How are Mixed-Bit Recipes Created?
The next plot shows the signal strength (PSNR in dB) versus model size reduction (% of float16 size) for stabilityai/stable-diffusion-xl-base-1.0. The {1,2,4,6,8}-bit curves are generated by progressively palettizing more layers using a palette with a hard and fast variety of bits. The layers were ordered in ascending order of their isolated impact to end-to-end signal strength, so the cumulative compression’s impact is delayed as much as possible. The mixed-bit curve is predicated on falling back to a better variety of bits as soon as a layer’s isolated impact to end-to-end signal integrity drops below a threshold. Note that every one curves based on palettization outperform linear 8-bit quantization at the identical model size aside from 1-bit.
Mixed-bit palettization runs in two phases: evaluation and application.
The goal of the evaluation phase is to seek out points within the mixed-bit curve (the brown one above all of the others within the figure) so we are able to select our desired quality-vs-size tradeoff. As mentioned within the previous section, we iterate through the layers and choose the bottom bit depths that yield results above a given PSNR threshold. We repeat the method for various thresholds to get different quantization strategies. The results of the method is thus a set of quantization recipes, where each recipe is only a JSON dictionary detailing the variety of bits to make use of for every layer within the model. Layers with few parameters are ignored and kept in float16 for simplicity.

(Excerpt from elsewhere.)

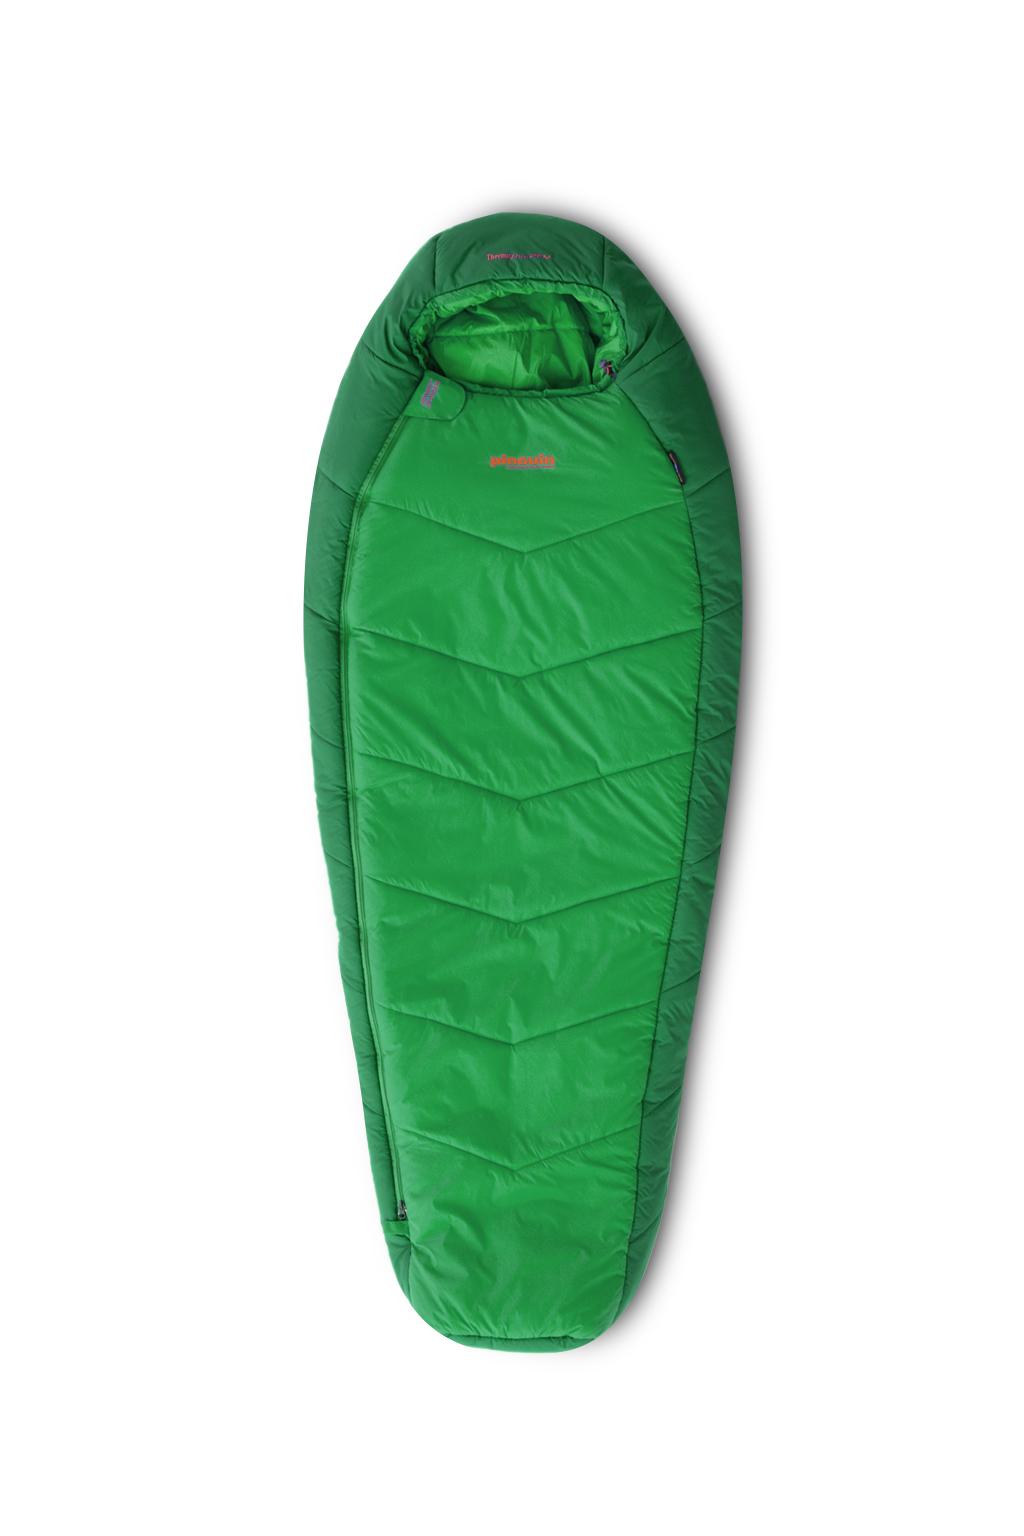 Dětský spacák Mistral zelený

The applying phase simply goes over the recipe and applies palettization with the variety of bits laid out in the JSON structure.

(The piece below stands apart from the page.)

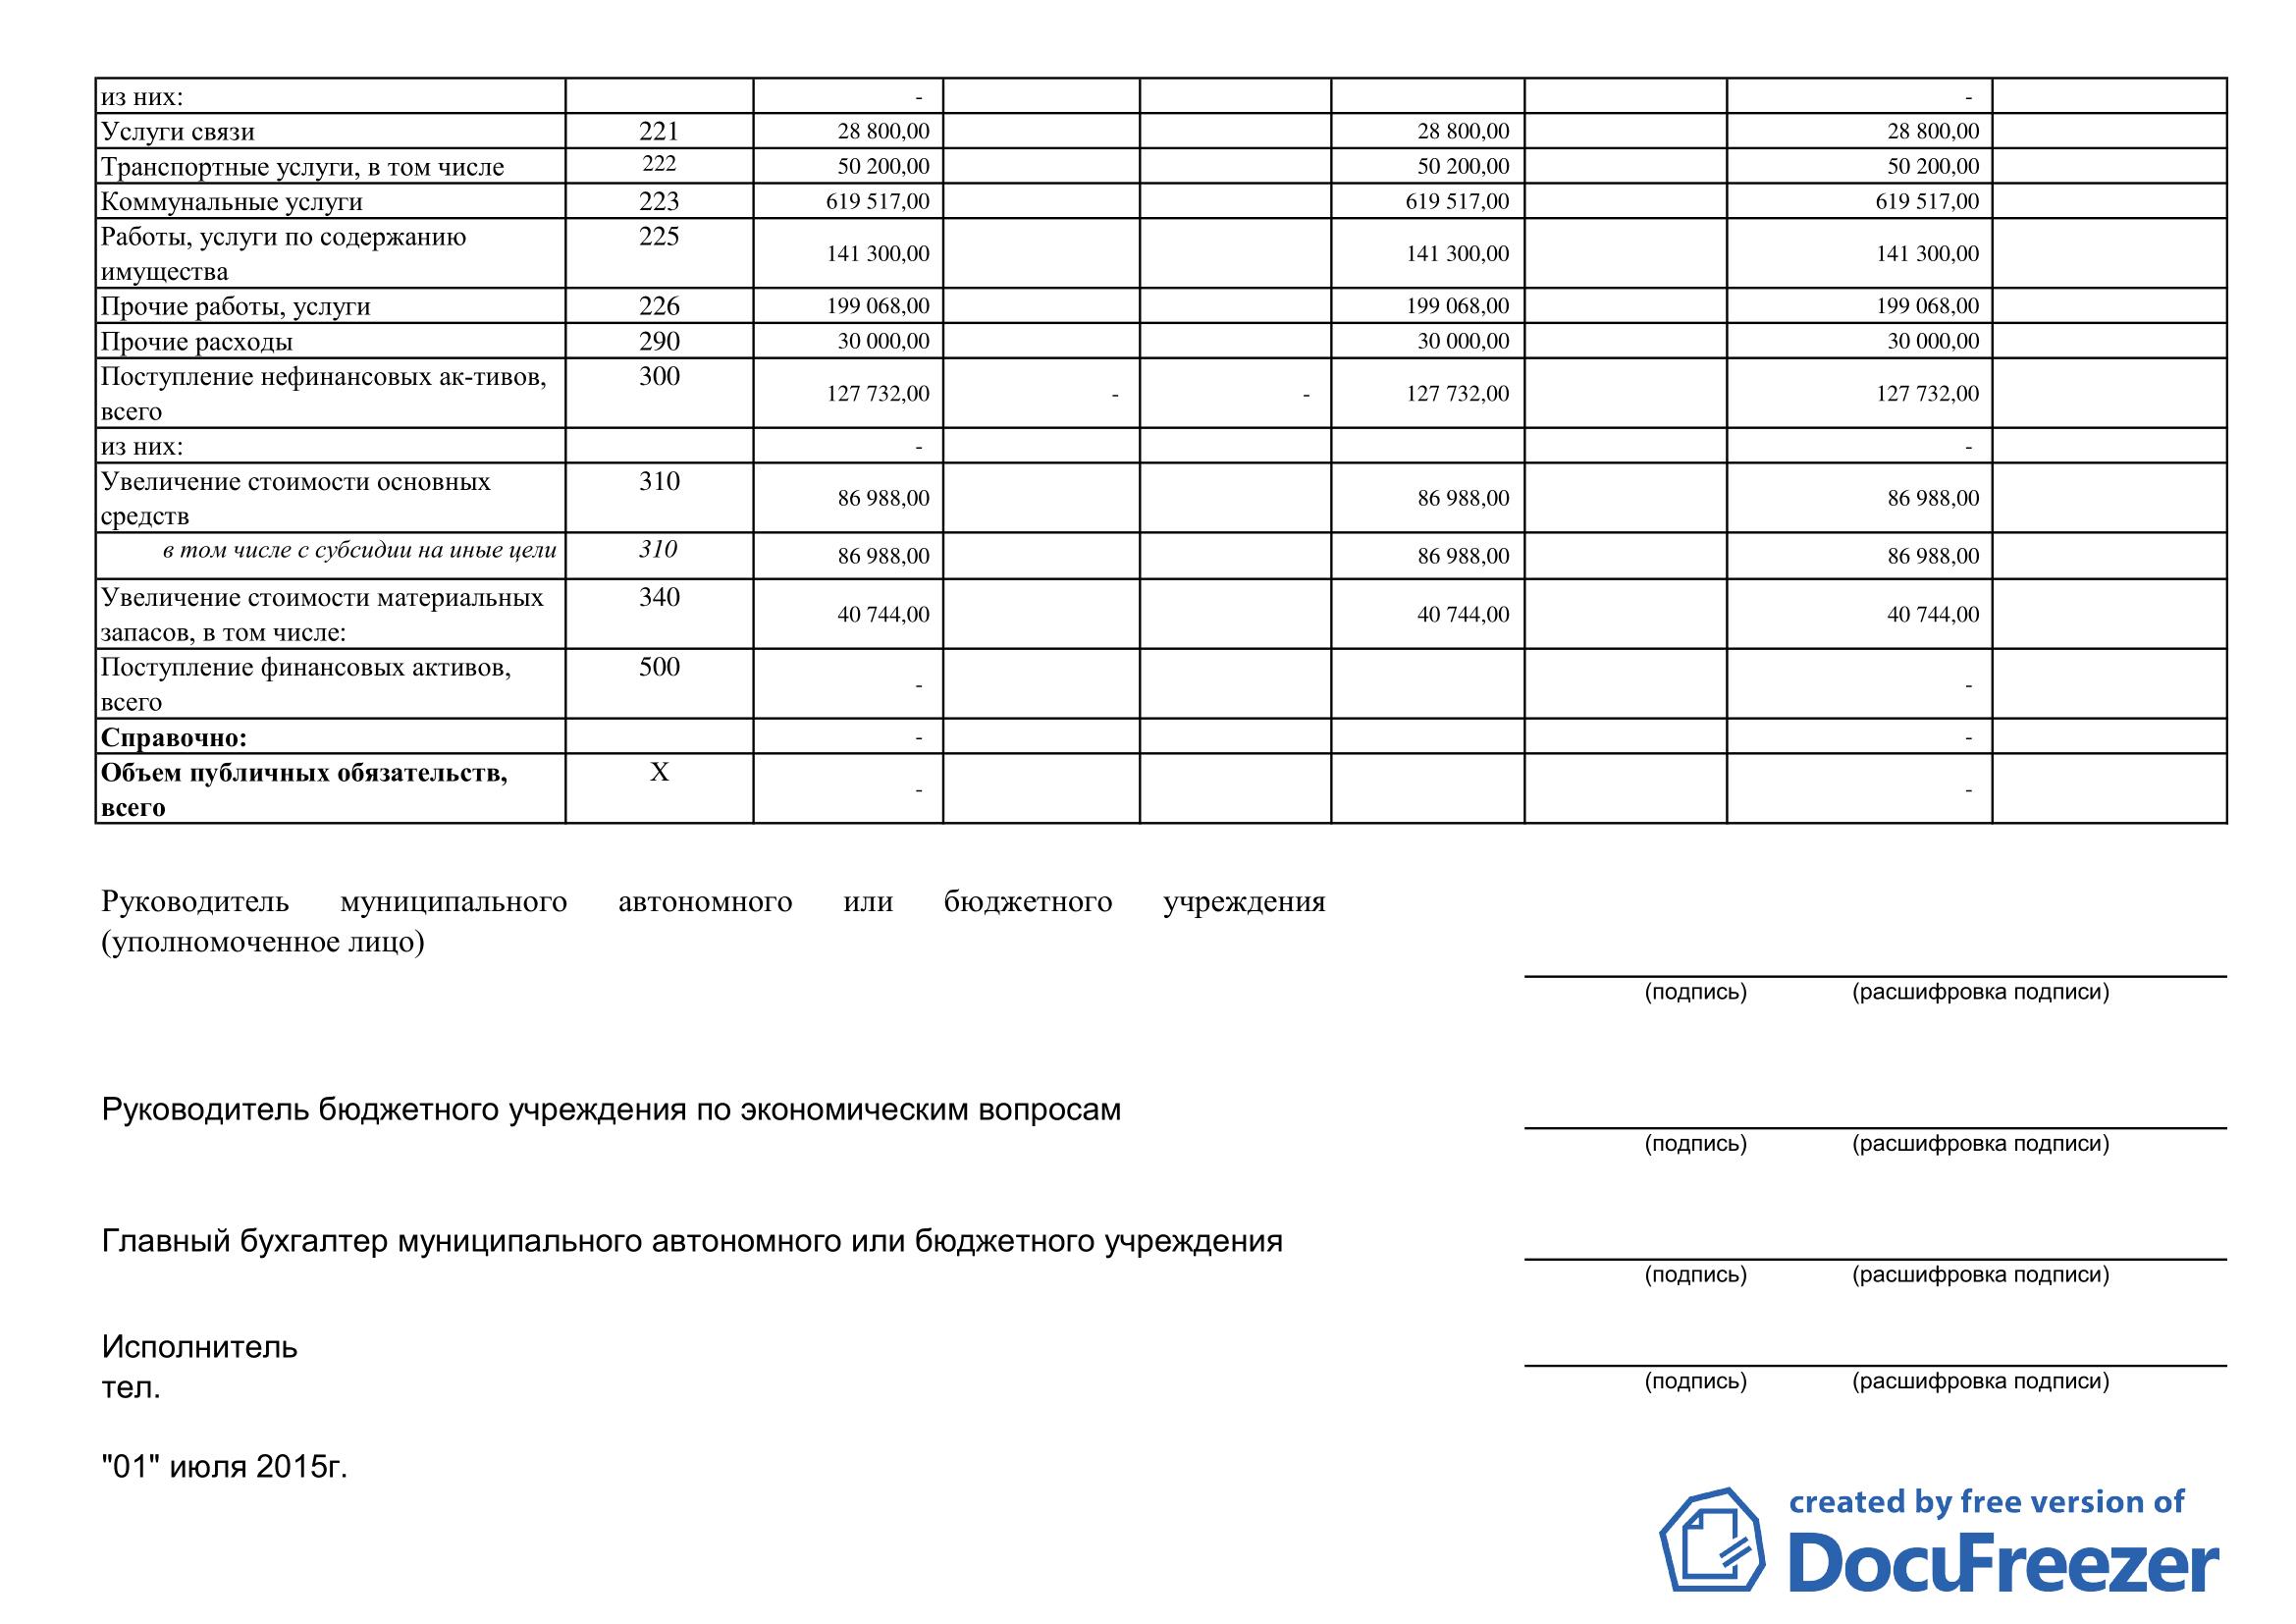 План ФХД на 1.07.15_2

Evaluation is a lengthy process and requires a GPU (mps or cuda), as now we have to run inference multiple times. Once it’s done, recipe application will be performed in a number of minutes.

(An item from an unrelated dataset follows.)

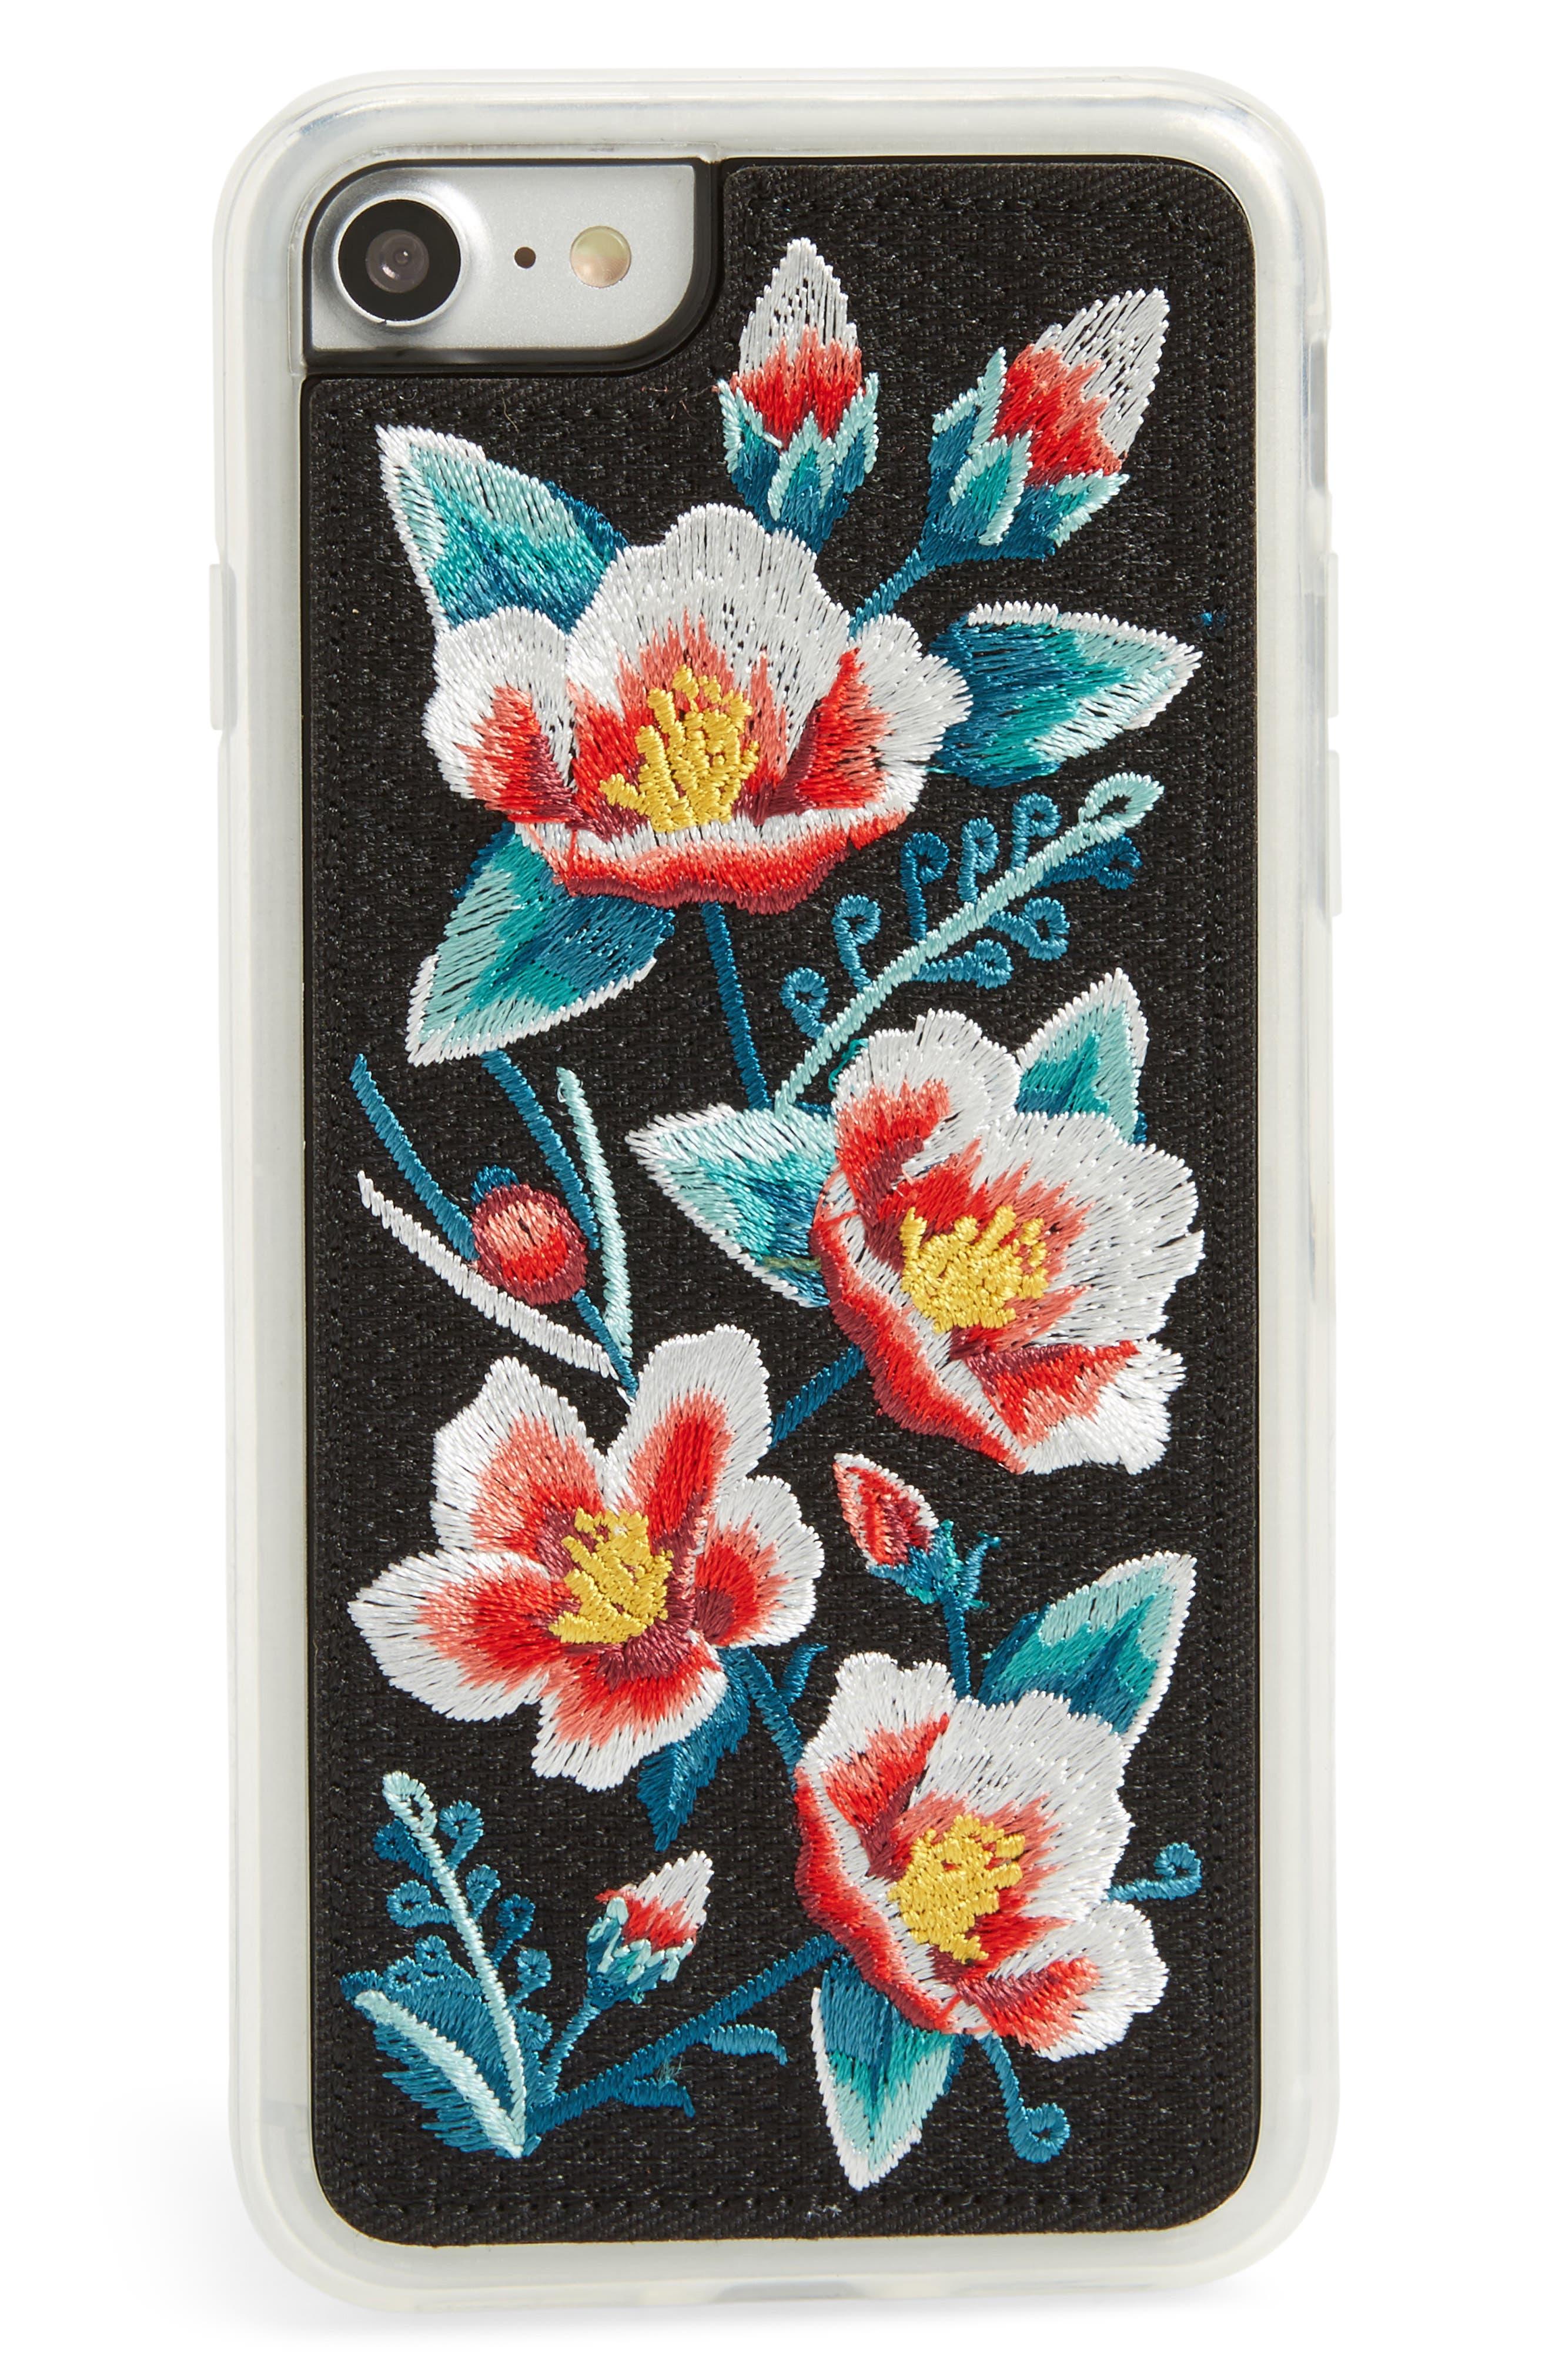 Camellia iPhone 6/6s/7/8 & 6/6s/7/8 Plus Case,                             Main thumbnail 1, color,                             100

We offer scripts for every one in all these phases:
Converting Wonderful-Tuned Models
For those who’ve previously converted Stable Diffusion models to Core ML, the method for XL using the command line converter may be very similar. There’s a brand new flag to point whether the model belongs to the XL family, and you might have to make use of --attention-implementation ORIGINAL if that’s the case.
For an introduction to the method, check the instructions within the repo or one in all our previous blog posts, and ensure you employ the flags above.
Running Mixed-Bit Palettization
After converting Stable Diffusion or Stable Diffusion XL models to Core ML, you possibly can optionally apply mixed-bit palettization using the scripts mentioned above.
Since the evaluation process is slow, now we have prepared recipes for the preferred models:
You may download and apply them locally to experiment.
As well as, we also applied the three best recipes from the Stable Diffusion XL evaluation to the Core ML version of the UNet, and published them here. Be at liberty to play with them and see how they give you the results you want!
Finally, as mentioned within the introduction, we created a complete Stable Diffusion XL Core ML pipeline that uses a 4.5-bit recipe.